MKSANITIZER implementation
The initial implementation of MKSANITIZER has been designed and implemented by Christos Zoulas. I took this code and continued working on it with an external LLVM toolchain (version 7svn with local patches). The final result has been documented in share/mk/bsd.README:
MKSANITIZER if "yes", use the selected sanitizer to compile userland programs as defined in USE_SANITIZER, which defaults to "address". A selection of available sanitizers: address: A memory error detector (default) thread: A data race detector memory: An uninitialized memory read detector undefined: An undefined behavior detector leak: A memory leak detector dataflow: A general data flow analysis cfi: A control flow detector safe-stack: Protect against stack-based corruption scudo: The Scudo Hardened allocator It's possible to specify multiple sanitizers within the USE_SANITIZER option (comma separated). The USE_SANITIZER value is passed to the -fsanitize= argument to the compiler. Additional arguments can be passed through SANITIZERFLAGS. The list of supported features and their valid combinations depends on the compiler version and target CPU architecture.
As an illustration, in order to build a distribution with ASan and UBSan, using the LLVM toolchain one needs to enter a command line like:
./build.sh -V MKLLVM=yes -V MKGCC=no -V HAVE_LLVM=yes -V MKSANITIZER=yes -V USE_SANITIZER="address,undefined" distribution
There is an ongoing effort on upstreaming the remaining toolchain patches and right now we need to use a specially preprocessed external LLVM toolchain with a pile of local patches.
The GCC toolchain is a downstream for LLVM sanitizers and is out of the current focus, although there are local NetBSD patches for ASan, UBSan and LSan in GCC's libsanitizer. Starting with GCC 8.x, there is the first upstreamed block of NetBSD code pulled in from LLVM sanitizers.
Golang and TSan (-race)
There has been finally merged the compiler-rt update patch in Golang.

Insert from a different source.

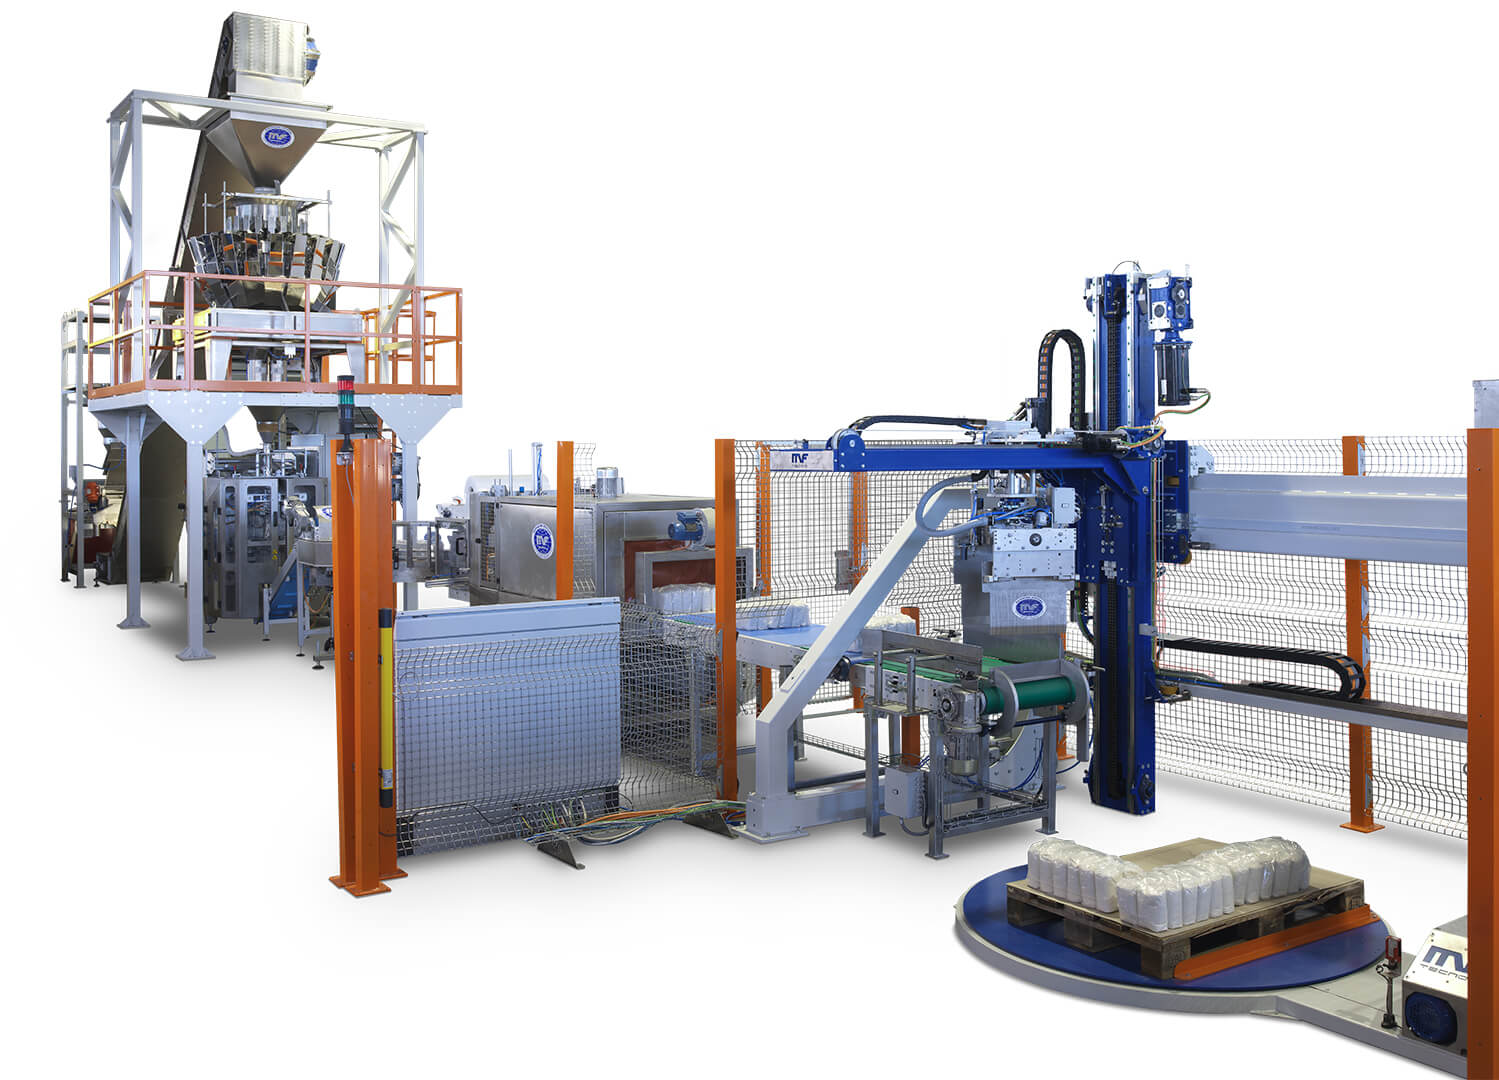 Sugar Packaging: When automation improves your work 1

runtime/race: update most syso files to compiler-rt fe2c72 These were generated using the racebuild configuration from https://golang.org/cl/115375, with the LLVM compiler-rt repository at commit fe2c72c59aa7f4afa45e3f65a5d16a374b6cce26 for most platforms. The Windows build is from an older compiler-rt revision, because the compiler-rt build script for the Go race detector has been broken since January 2017 (https://reviews.llvm.org/D28596). Updates #24354. Change-Id: Ica05a5d0545de61172f52ab97e7f8f57fb73dbfd Reviewed-on: https://go-review.googlesource.com/112896 Reviewed-by: Brad Fitzpatrick Run-TryBot: Brad Fitzpatrick TryBot-Result: Gobot Gobot
This means that the TSan/amd64 support syzo file has been included for NetBSD next to Darwin, FreeBSD and Linux (Windows is broken and no longer maintained). There is still need to merge the remaining patches for shell scripts and go files, and the code is still in review waiting for feedback.
Changes merged with the NetBSD sources
- ksh: Remove symbol clash with libc -- rename twalk() to ksh_twalk()
- ktruss: Remove symbol clash with libc -- rename wprintf() to xwprintf()
- ksh: Remove symbol clash with libc -- rename glob() to ksh_glob()
- Don't pass -z defs to libc++ with MKSANITIZER=yes
- Mark sigbus ATF tests in t_ptrace_wait as expected failure
- Make new DTrace and ZFS code buildable with Clang/LLVM
- Fix the MKGROFF=no MKCXX=yes build
- Correct Undefined Behavior in ifconfig(8)
- Correct Undefined Behavior in libc/citrus
- Correct Undefined Behavior in gzip(1)
- Do not use index out of bounds in nawk
- Change type of tilde_ok from int to unsigned int in ksh(1)
- Rework perform_arith_op() in expr(1) to omit Undefined Behavior
- Add 2 new expr(1) ATF tests
- Prevent Undefined Behavior in shift of signed integer in grep(1)
- Set NOSANITIZER in i386 mbr files
- Disable sanitizers for libm and librt
- Avoid Undefind Behavior in DEFAULT_ALIGNMENT in GNU grep(1)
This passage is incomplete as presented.